3D animation with a conventional camera
The 3D movements of a person can be reconstructed based on the recordings of a smartphone or a webcam
Whether it’s for computer games, motion analysis in sports, or even medical examinations, many applications require that people and their movements are captured digitally in 3D in real-time. Until now, this was possible only with expensive systems of several cameras, or by having people wear special suits. Computer scientists at the Max Planck Institute for Computer Science have now developed a system that requires only a single video camera. It can even estimate the 3D pose of a person acting in a pre-recorded video, for instance a YouTube video. Hence, it offers new applications in character control, virtual reality and ubiquitous motion capture with smartphones.
“This system lets you capture video with your cell phone out in the Alps and do body tracking. Doing this in 3D, in real-time and just with a camera like the one on your mobile device — that is a big leap,” says Dushyant Mehta, PhD student at the Max Planck Institute for Informatics outlining the benefits of the system which he developed together with his colleagues in the Graphics, Vision and Video Group, headed by Christian Theobalt.
“So far, several video cameras, or a so-called depth camera as in the Kinect, have been necessary for this task,” explains Srinath Sridhar, also a researcher in the Graphics, Vision and Video Group.
The new system is based on a neural network which researchers call a “convolutional neural network”, or CNN for short, which is often associated with the term “deep learning”, a particularly effective type of machine learning currently making waves throughout science and industry. The Max Planck researchers have developed a new method to calculate the three-dimensional pose of the person from the two-dimensional information of the video streams with the aid of a neural network.
A short video on their website, produced by the scientists, shows what this looks like. A researcher juggles with clubs in the back of a room, while in the foreground a monitor shows the corresponding video recording. The figure of the researcher is here superimposed by a simplified, red stick figure. Another 3D view shows the motion from the side, showing that, for the first time, the full 3D pose is captured in real-time. No matter how fast or how far the researcher moves or extends his or her limbs, the stick figure makes the same movements in 3D, just like the more fleshed-out virtual character version in the virtual space, shown on another monitor to the left.
Training with more than 10,000 images of body poses
The researchers call their system “VNect”. The system both predicts both the 3D pose of the person in the image and localizes the person in the image. This allows the system to avoid wasting computations on image regions which don’t contain a person. The neural network of the system is trained using tens of thousands of annotated images during the machine learning process. The system provides 3D pose information in terms of joint angles, which can easily be used to control virtual characters.
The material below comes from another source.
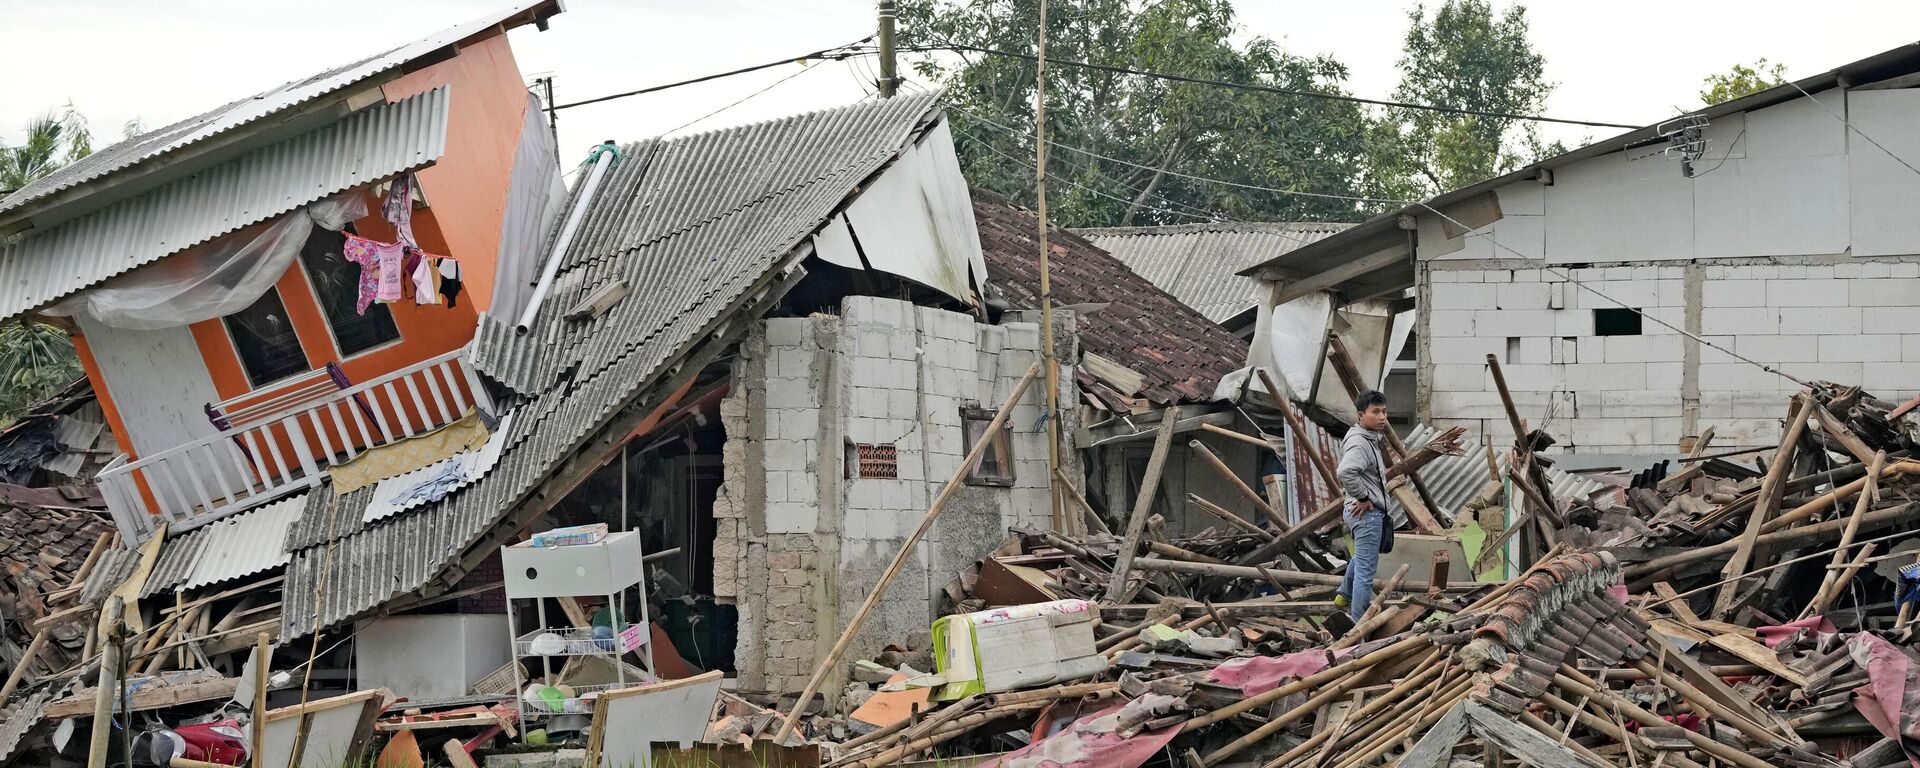 تداعيات زلزال بقوة 5.6 درجة أدى إلى مقتل ما لا يقل عن 162 شخصًا وإصابة المئات وفقد آخرين في سيانجور، إندونيسيا في 22 نوفمبر 2022. - سبوتنيك عربي, 1920, 24.05.2023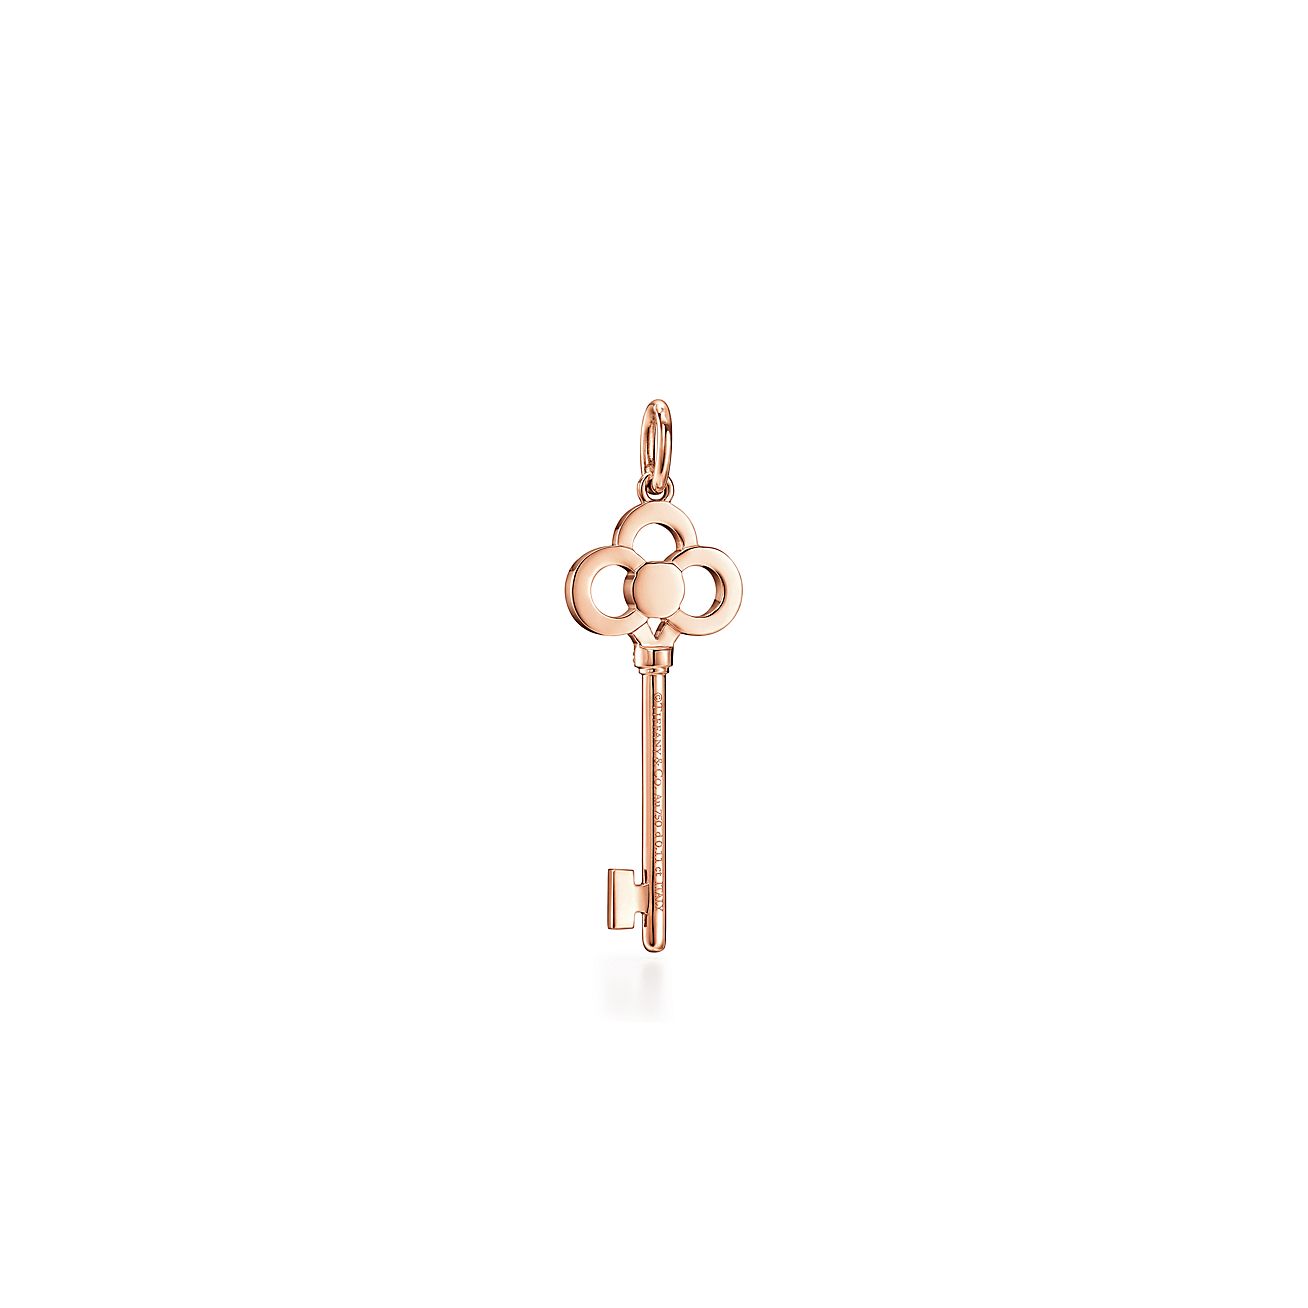 tiffany crown key

“VNect makes 3D body pose tracking for virtual reality of computer games accessible to a wider audience because they don’t need to have Kinect or other cameras available, don’t need to wear special sits, and can just use webcams which are more readily accessible,” says Mehta and adds, “It also enables new experiences in first-person virtual reality.” Besides this interactive character control, VNect is the first system which can also be used to estimate the 3D pose of a person in community videos such as those provided on the online platform YouTube. Christian Theobalt continues: “There are many other applications possible, from Human-Computer-Interaction to Human-Robot Interaction to Industry 4.0, where man and robot work together in a factory. Also think about autonomous driving, where the car may in the future estimate the full articulated motion of people from a colour camera to assess their behaviour.”
VNect will continue to mature for use in everyday life
But VNect still has its limitations. The accuracy of the pose estimation is a bit lower than the accuracy obtained with multi-camera or marker-based pose estimation. It gets into trouble if the face of the person is occluded, the motions are too fast or the poses are too far away from the trained set of poses. Occlusion by multiple persons is a problem, too.
Nevertheless, Sridhar is sure that the technology will further mature and be able to handle increasingly more complex scenes, so that it can be used in everyday life.
The research was undertaken in the Graphics, Vison & Video Research Group of Christian Theobalt. Also participating in the project were Oleksandr Sotnychenko, Helge Rhodin, Mohammad Shafiei, Professor Hans-Peter Seidel, Weipeng Xu, and Dan Casas. The researchers will present VNect at the largest computer vision conference, CVPR, in Honolulu, USA, between July 21-26, and at the international conference SIGGRAPH in Los Angeles, USA, between July 30 and August 3.